Extracts the 14 core features per aircraft plus additional ATC-critical data. This is optimized for production training data collection.


In [5]:
# Use the optimal extraction function (for production training data)
optimal_state = extract_optimal_game_state(page)

print("✅ Extracted optimal game state")
print(f"\n📊 State Summary:")
print(f"   Aircraft Count: {optimal_state.get('numAircraft', 0)}")
print(f"   Score: {optimal_state.get('score', 'N/A')}")
print(f"   Game Time: {optimal_state.get('time', 'N/A')}")
print(f"   Conflicts: {len(optimal_state.get('conflicts', []))}")

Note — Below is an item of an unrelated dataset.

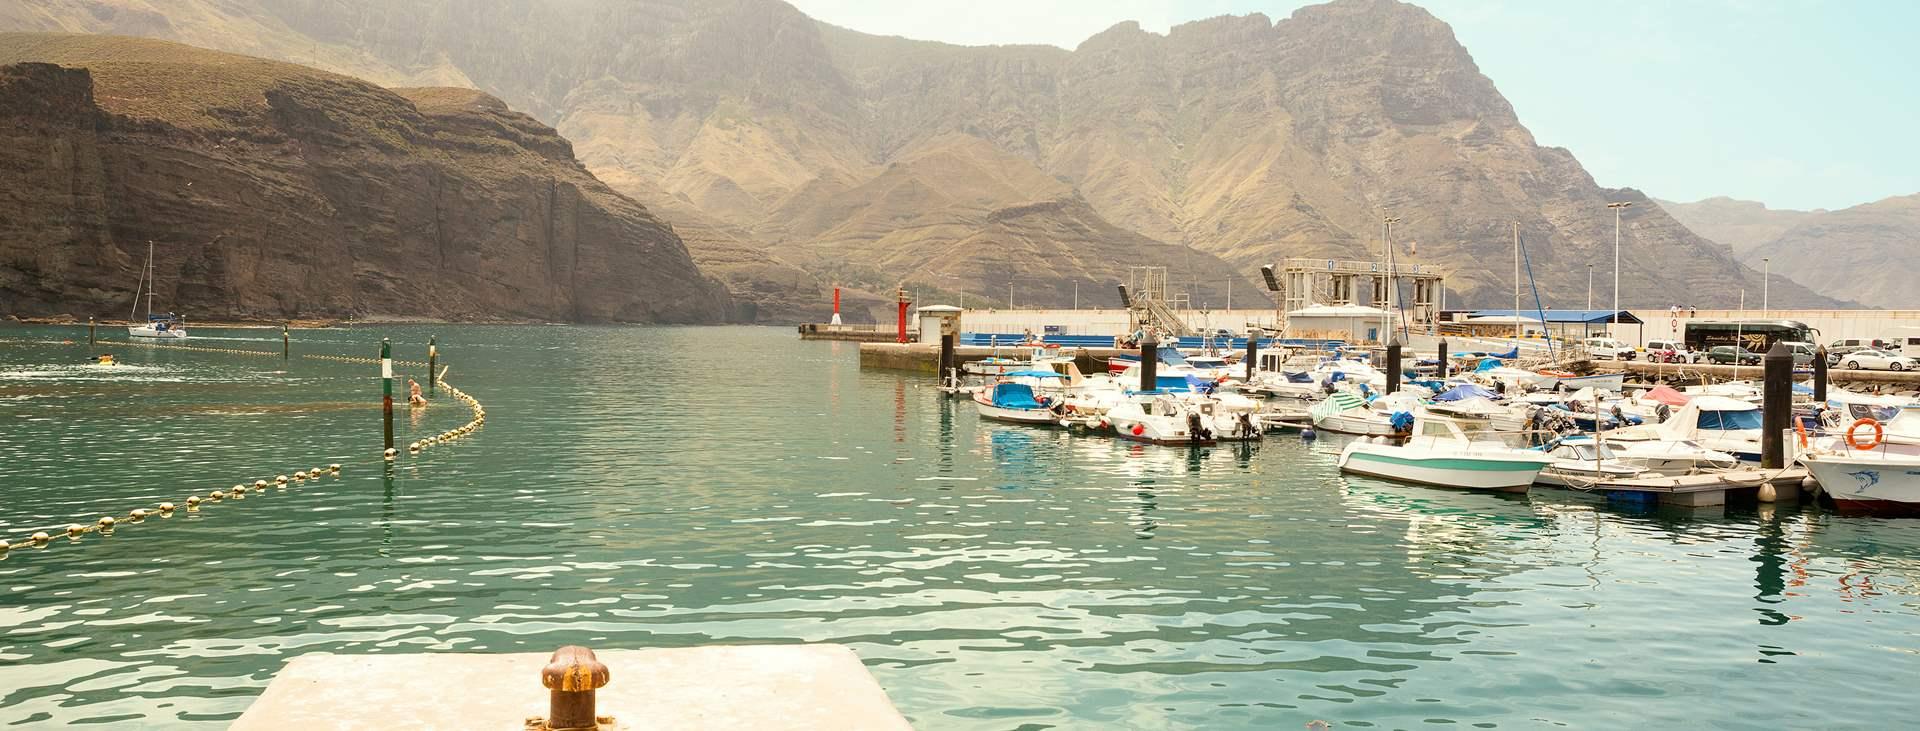 Boka din resa till Agaete på Gran Canaria med Ving

if optimal_state.get('aircraft'):
    sample_ac = optimal_state['aircraft'][0]
    print(f"\n✈️  Sample Aircraft Data ({len(sample_ac)} properties):")
    print(f"   Callsign: {sample_ac.get('callsign', 'N/A')}")
    
    # Group properties
    core_14 = ['position', 'altitude', 'heading', 'speed', 'groundSpeed',
               'assignedAltitude', 'assignedHeading', 'assignedSpeed',
               'category', 'isOnGround', 'isTaxiing', 'isEstablished', 'targetRunway']
    
    atc_critical = ['windComponents', 'flightPhase', 'nextWaypoint', 'currentWaypoint',
                    'flightPlanAltitude', 'flightPlanRoute', 'hasApproachClearance',
                    'isOnFinal', 'isEstablishedOnGlidepath']
    
    operational = ['isControllable', 'transponderCode', 'groundTrack', 
                   'trueAirspeed', 'climbRate', 'distance']
    
    # Display grouped properties
    def print_group(name, props):
        found = [(p, sample_ac[p]) for p in props if p in sample_ac]
        if found:
            print(f"\n   {name}:")
            for prop, val in found:
                if isinstance(val, list) and len(val) == 2:
                    print(f"      {prop:25s}: [{val[0]:7.2f}, {val[1]:7.2f}]")
                elif isinstance(val, dict):
                    if prop == 'windComponents':
                        print(f"      {prop:25s}: head={val.get('head', 'N/A'):6.2f} kts, cross={val.get('cross', 'N/A'):6.2f} kts")
                    else:
                        print(f"      {prop:25s}: {list(val.keys()) if val else '{}'}")
                elif isinstance(val, (int, float)):
                    print(f"      {prop:25s}: {val}")
                elif val is not None:
                    print(f"      {prop:25s}: {val}")
    
    print_group("Core 14 Features", core_14)
    print_group("ATC-Critical Data", atc_critical)
    print_group("Operational State", operational)
    
    # Show any remaining properties
    all_shown = set(core_14 + atc_critical + operational + ['callsign'])
    remaining = [(k, v) for k, v in sorted(sample_ac.items()) if k not in all_shown and v is not None]
    if remaining:
        print(f"\n   Additional Properties:")
        for prop, val in remaining:
            if isinstance(val, (int, float)):
                print(f"      {prop:25s}: {val}")
            elif isinstance(val, list) and len(val) == 2:
                print(f"      {prop:25s}: [{val[0]:7.2f}, {val[1]:7.2f}]")
            else:
                print(f"      {prop:25s}: {val}")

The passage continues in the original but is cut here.